SEUL ET LIBRE, ACCOMPLIR SA MISSION. Suivre les conditions de son être, dégagé de l'influence des associations, même les plus belles,
Parce que la solitude seule est la source des inspirations.
LA SOLITUDE EST SAINTE.
Toutes les Associations ont tous les défauts des couvents.
Elles tendent à classer et diriger les intelligences et fondent peu à peu une autorité tyrannique qui, ôtant aux intelligences la liberté et l'individualité, sans lesquelles elles ne sont rien, étoufferait le génie même sous l'empire d'une communauté jalouse.
Dans les Assemblées, les Corps, les Compagnies, les Écoles, les Académies et tout ce qui leur ressemble, les médiocrités intrigantes arrivent par degrés à la domination, par leur activité grossière et matérielle, et cette sorte d'adresse à laquelle ne peuvent descendre les esprits vastes et généreux.
L'imagination ne vit que d'émotions spontanées et particulières à l'organisation et aux penchants de chacun.
La République des lettres est la seule qui puisse jamais être composée de citoyens vraiment libres, car elle est formée de penseurs isolés, séparés, et souvent inconnus les uns aux autres.
Les Poètes et les Artistes ont seuls, parmi tous les hommes, le bonheur de pouvoir accomplir leur mission dans la solitude. Qu'ils jouissent de ce bonheur, de ne pas être confondus dans une société qui se presse autour de la moindre célébrité, se l'approprie, l'enserre, l'englobe, l'étreint et lui dit : NOUS.
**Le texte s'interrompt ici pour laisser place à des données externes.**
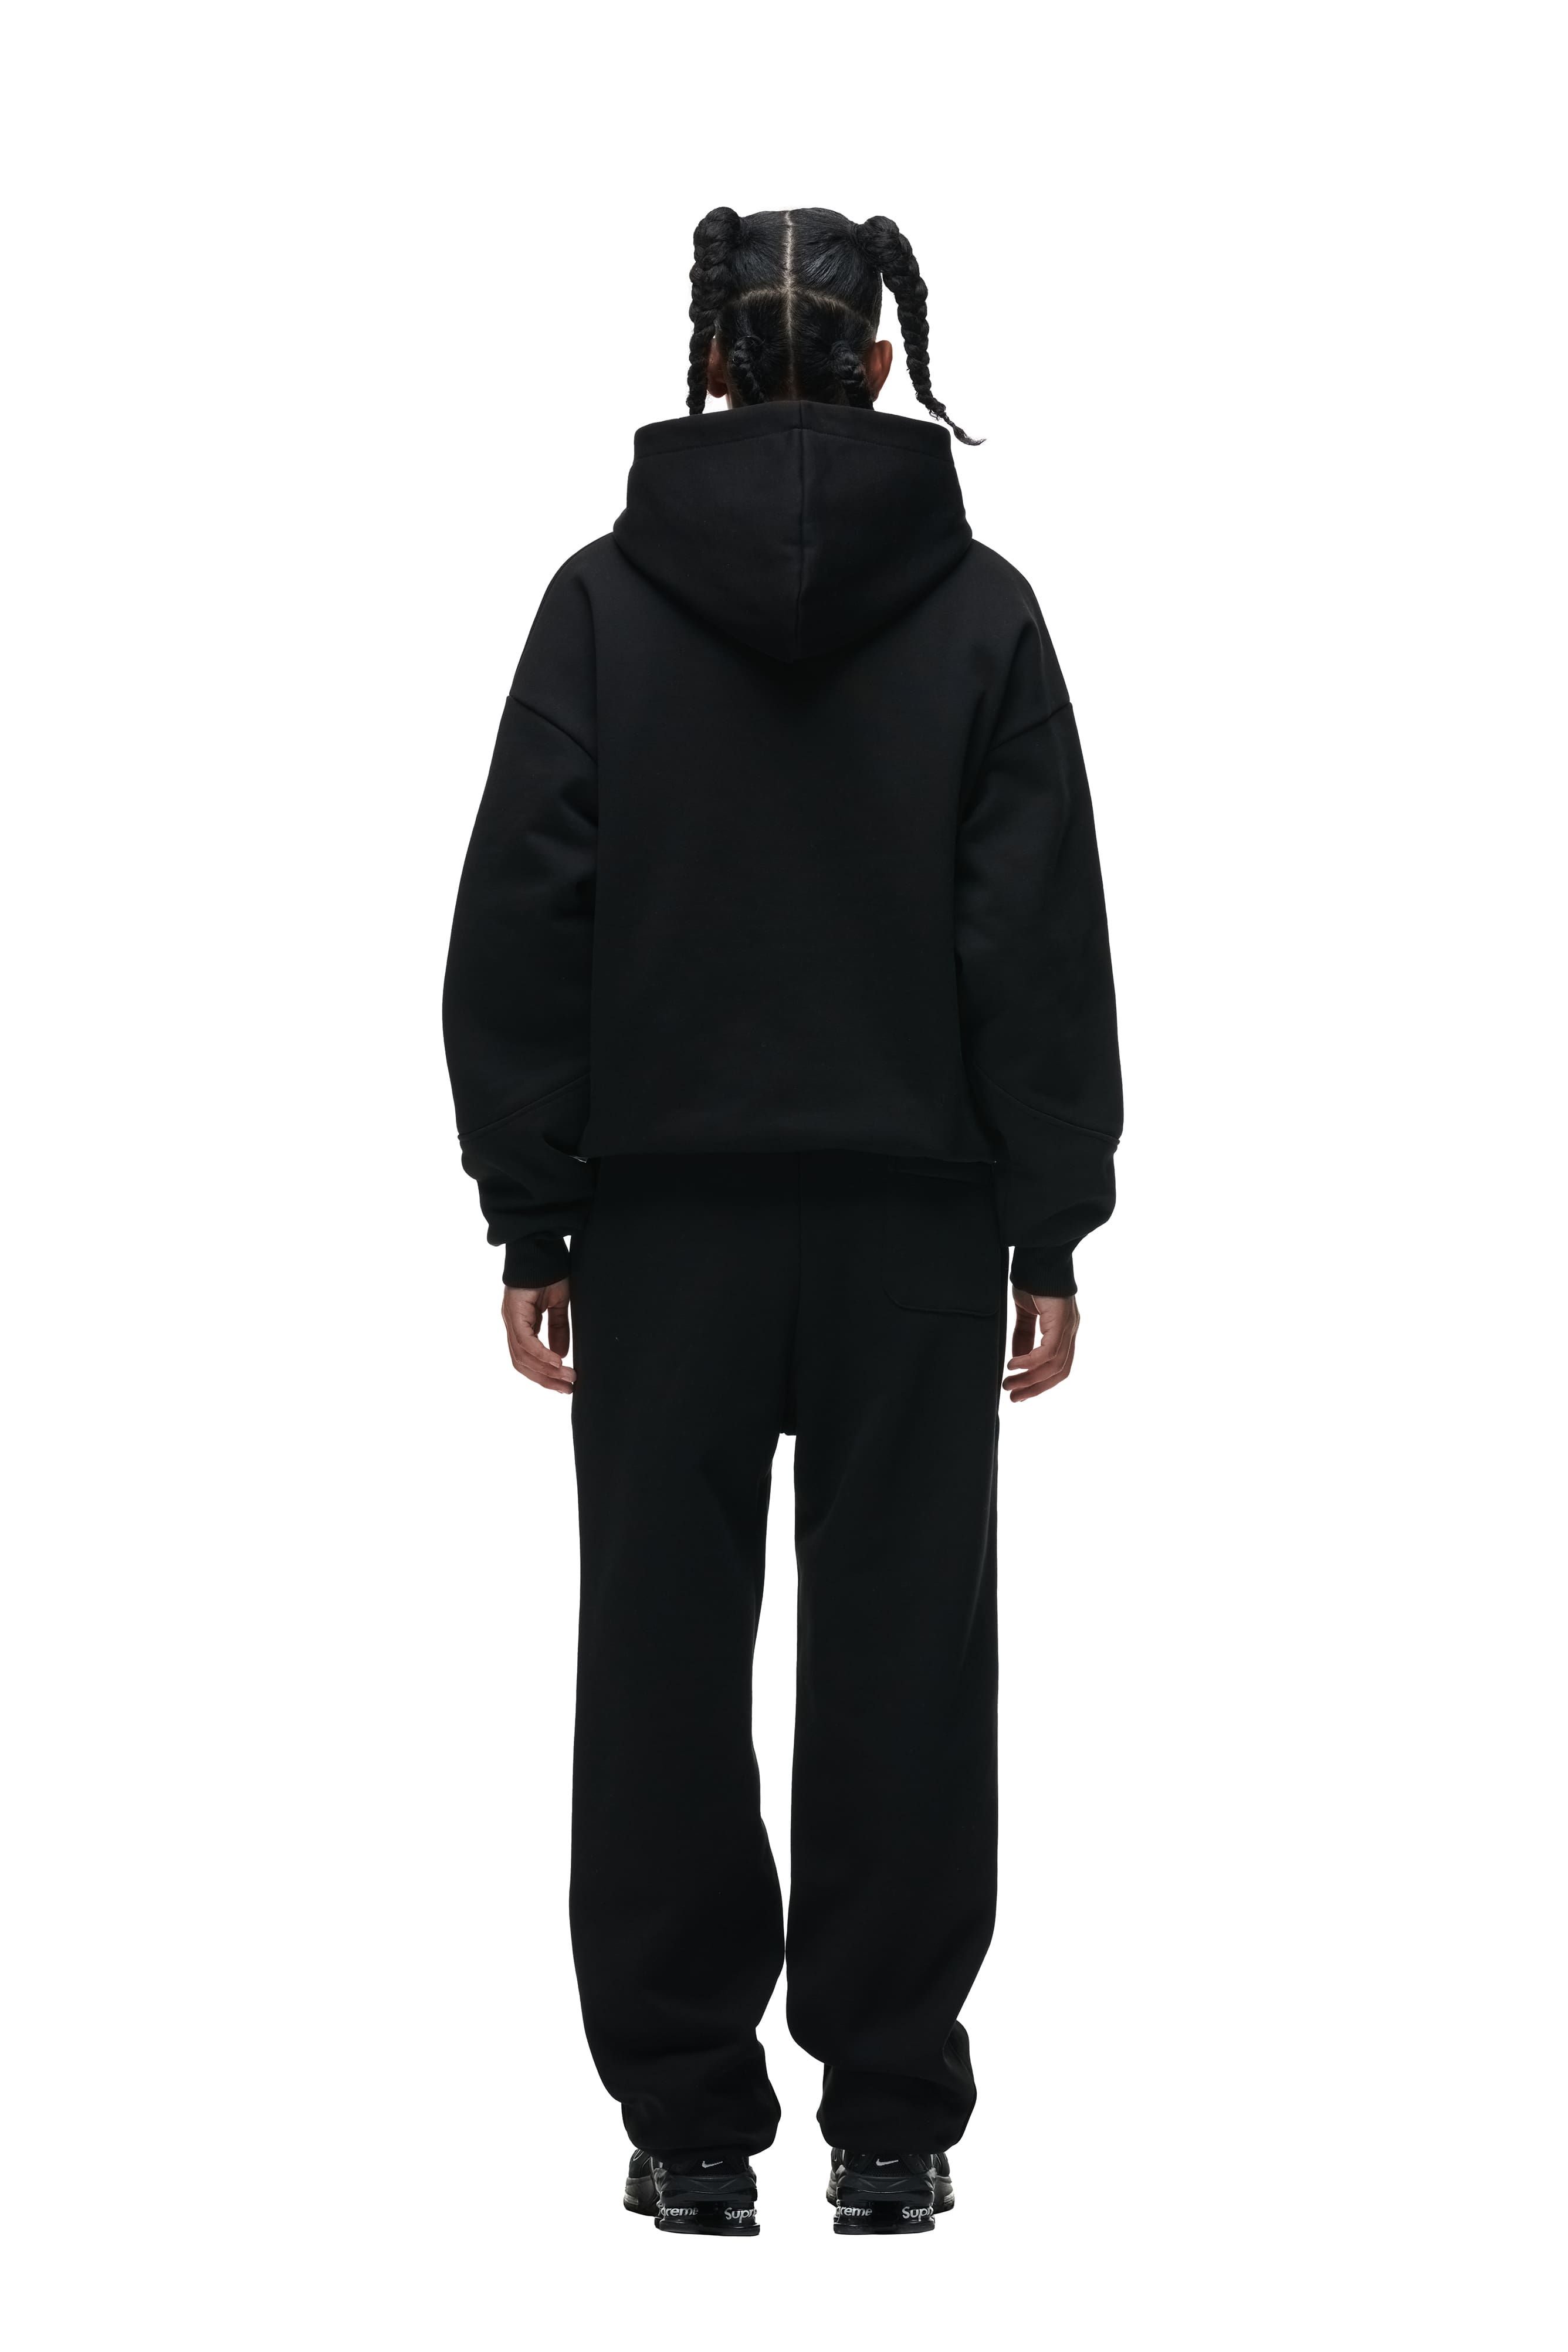 DOUBLE LAYER PLAY HOODIE BLACK – 6PM

Oui, l'imagination du poète est inconstante autant que celle d'une créature de quinze ans, recevant les premières impressions de l'amour. L’imagination du Poète ne peut être conduite, puisqu'elle n'est pas enseignée. Otez-lui ses ailes et vous la ferez mourir.
La mission du Poète ou de l'artiste est de produire, et tout ce qu'il produit est utile, si cela est admiré.
Un Poète donne sa mesure par son œuvre, un homme attaché au Pouvoir ne la peut donner que par les fonctions qu'il remplit. Bonheur pour le premier, malheur pour l'autre ; car s'il se fait un progrès dans les deux têtes, l'un s'élance tout à coup en avant par une œuvre, l'autre est forcé de suivre la lente progression des occasions de la vie et les pas graduels de sa carrière.

SEUL ET LIBRE, SUIVRE SA VOCATION.

Alfred de Vigny, Stello, 1832, Gosselin et Renduel.